Pourtant Petit Gilles a ruiné la vie de Gilles le commerçant, qui n'y est pour rien, et qui a mis des années à ouvrir sa sandwicherie. En travaillant. Et ayant les mêmes problèmes que Grand Gilles.

Grand Gilles qui pendant ce temps a fracassé une Porsche au hasard dans la rue parce que c'est trop Nanti, mais qui a lancé un avis de recherche le jour où quelqu'un lui a maladroitement rayé son rétroviseur la nuit.

En même temps, y'a Gilles le cycliste qui part au marché, tout ça il s'en fout, mais il ne sait plus s'il doit mettre son Gilet de sécurité ou pas, car lui il veut juste aller acheter des radis sans se faire emmerder.

Y'a Gilles, celui qui met son Gilet pour aller chasser en buvant un coup, et heureusement que lui il n'est pas là parce qu'il sait beaucoup moins bien négocier.

Bref, tout ça nous a déjà fait oublié Gilles, oui tu sais, l'agriculteur méritant qui travaille tant. Celui qui s'en fout de passer à la télé, mais qui veut juste vivre décemment. Lui aussi s'appelle Gilles pourtant.

Ah oui mais ça on s'en fout aussi, car souviens toi, Gilles le journaliste, enfin Gilles le chef des journalistes, enfin Gilles le Nanti, il veut de l'actu chaude pour faire de l'audience, enfin t'as compris.

Gilles, c'est la France. Et la France, ce n'est peut-être pas parfait. Donc Gilles a le droit de manifester, c'est même son devoir s'il n'est pas satisfait.

Gilles a le droit de porter des convictions fièrement, car des convictions c'est beau, surtout lorsqu'elles sont communes. 
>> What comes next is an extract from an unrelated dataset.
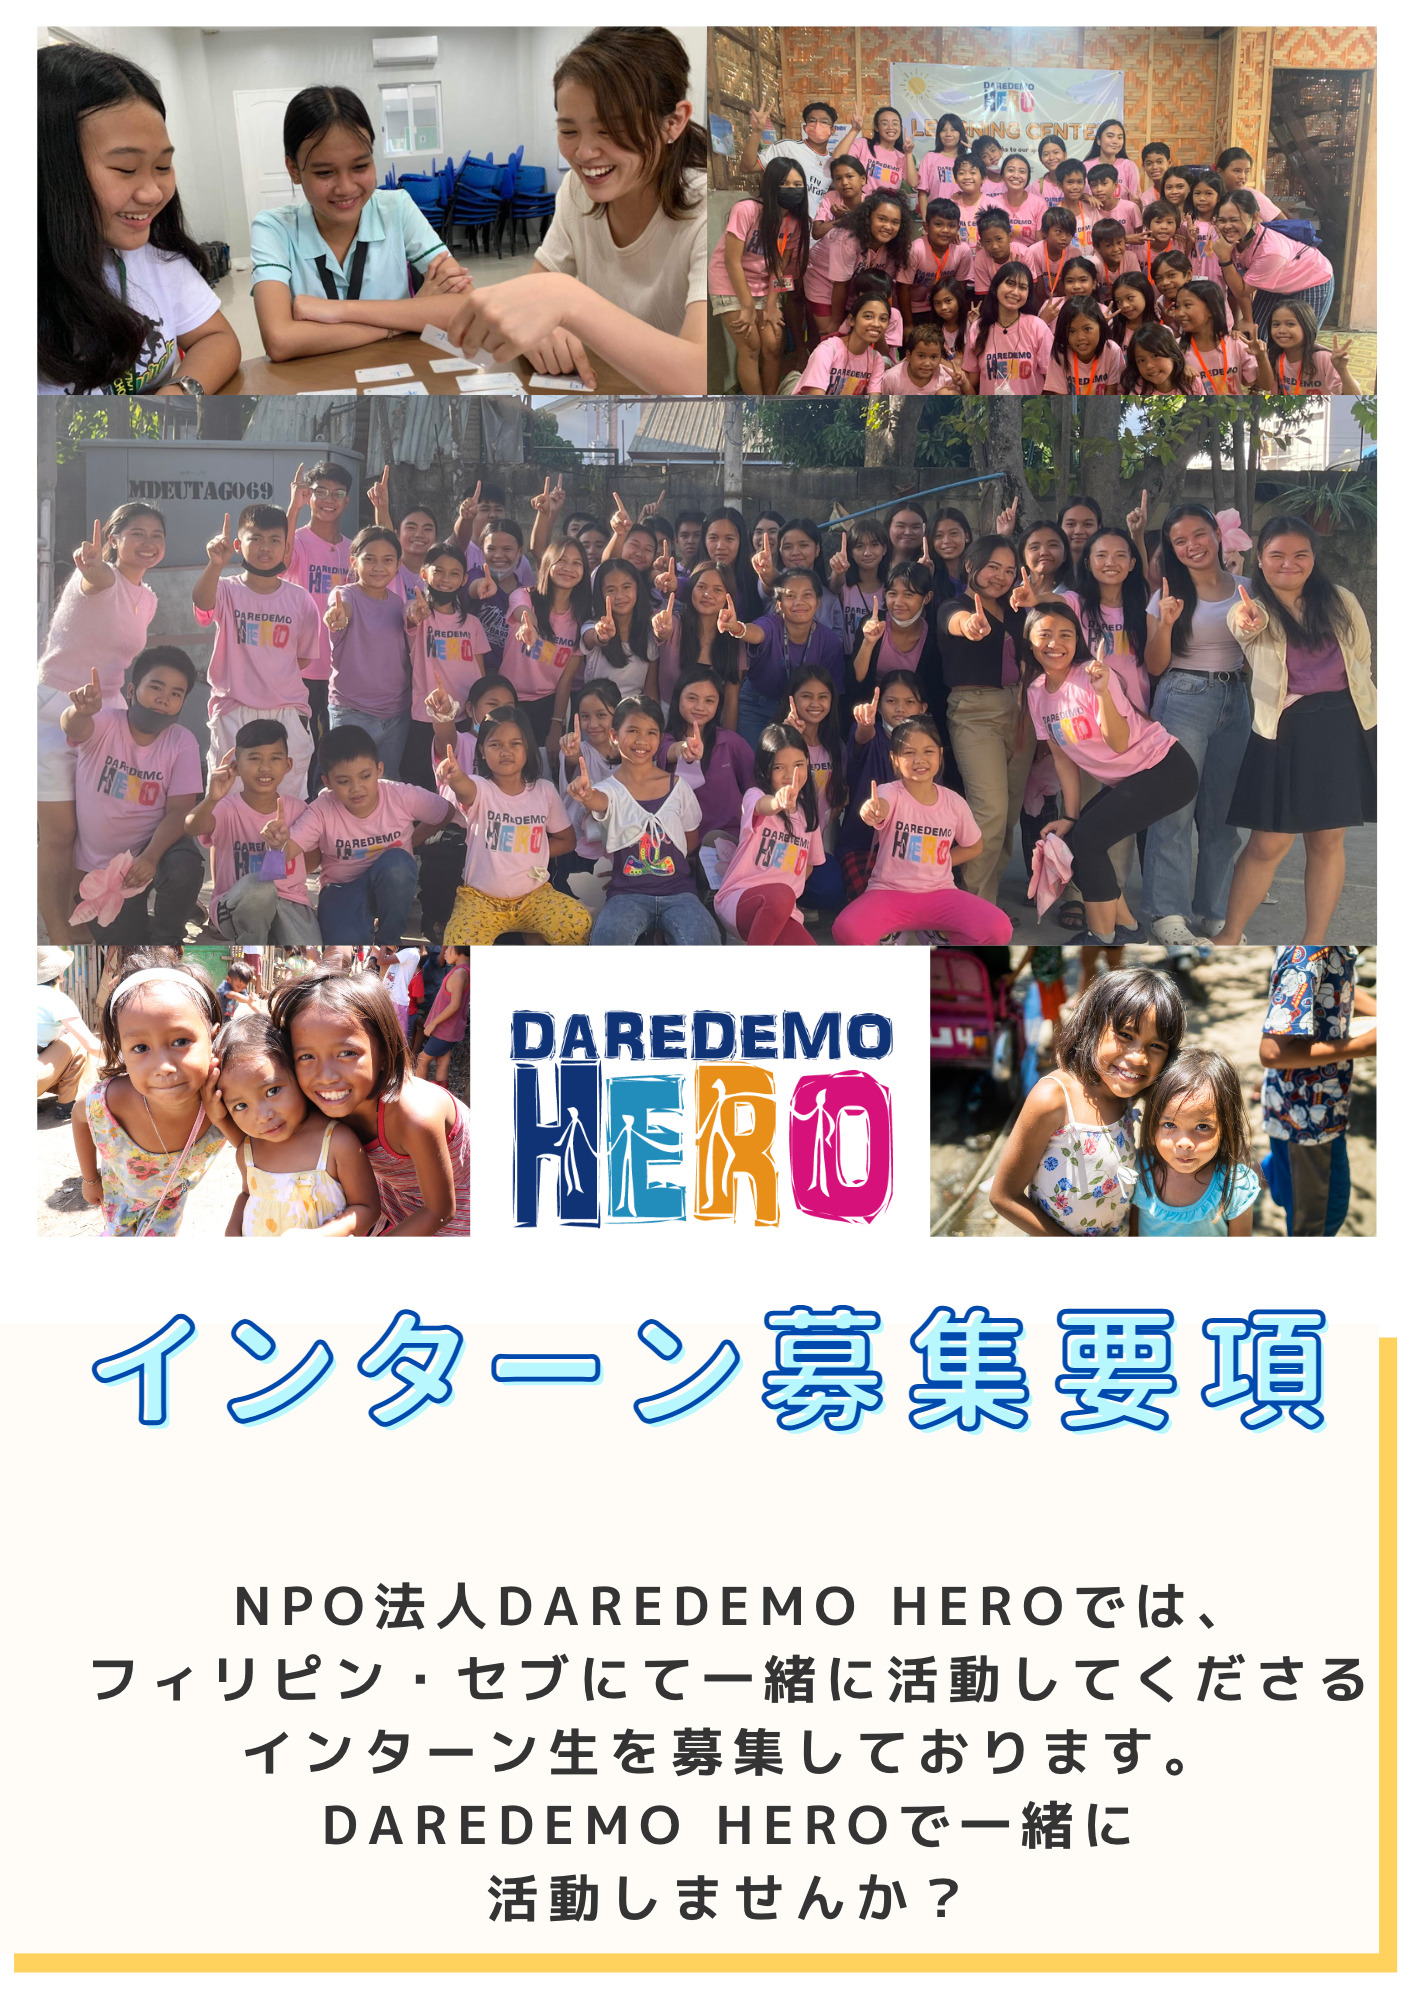 DAREDEMO HEROインターン募集!!

Mais Gilles ne doit pas oublier qu'on lui offre ce droit là car il habite en France, qu'on respecte ses convictions, qu'on le protège, qu'on le considère pour qui il est.

Alors Gilles, s'il te plait, avant qu'il ne soit trop tard, arrête les conneries. 

N'oublie pas qui tu es, et où tu as grandi.

Ne m'oblige pas à jeter mon Gilet, celui que je mettrais en vélo si j'avais envie d'aller m'acheter des radis.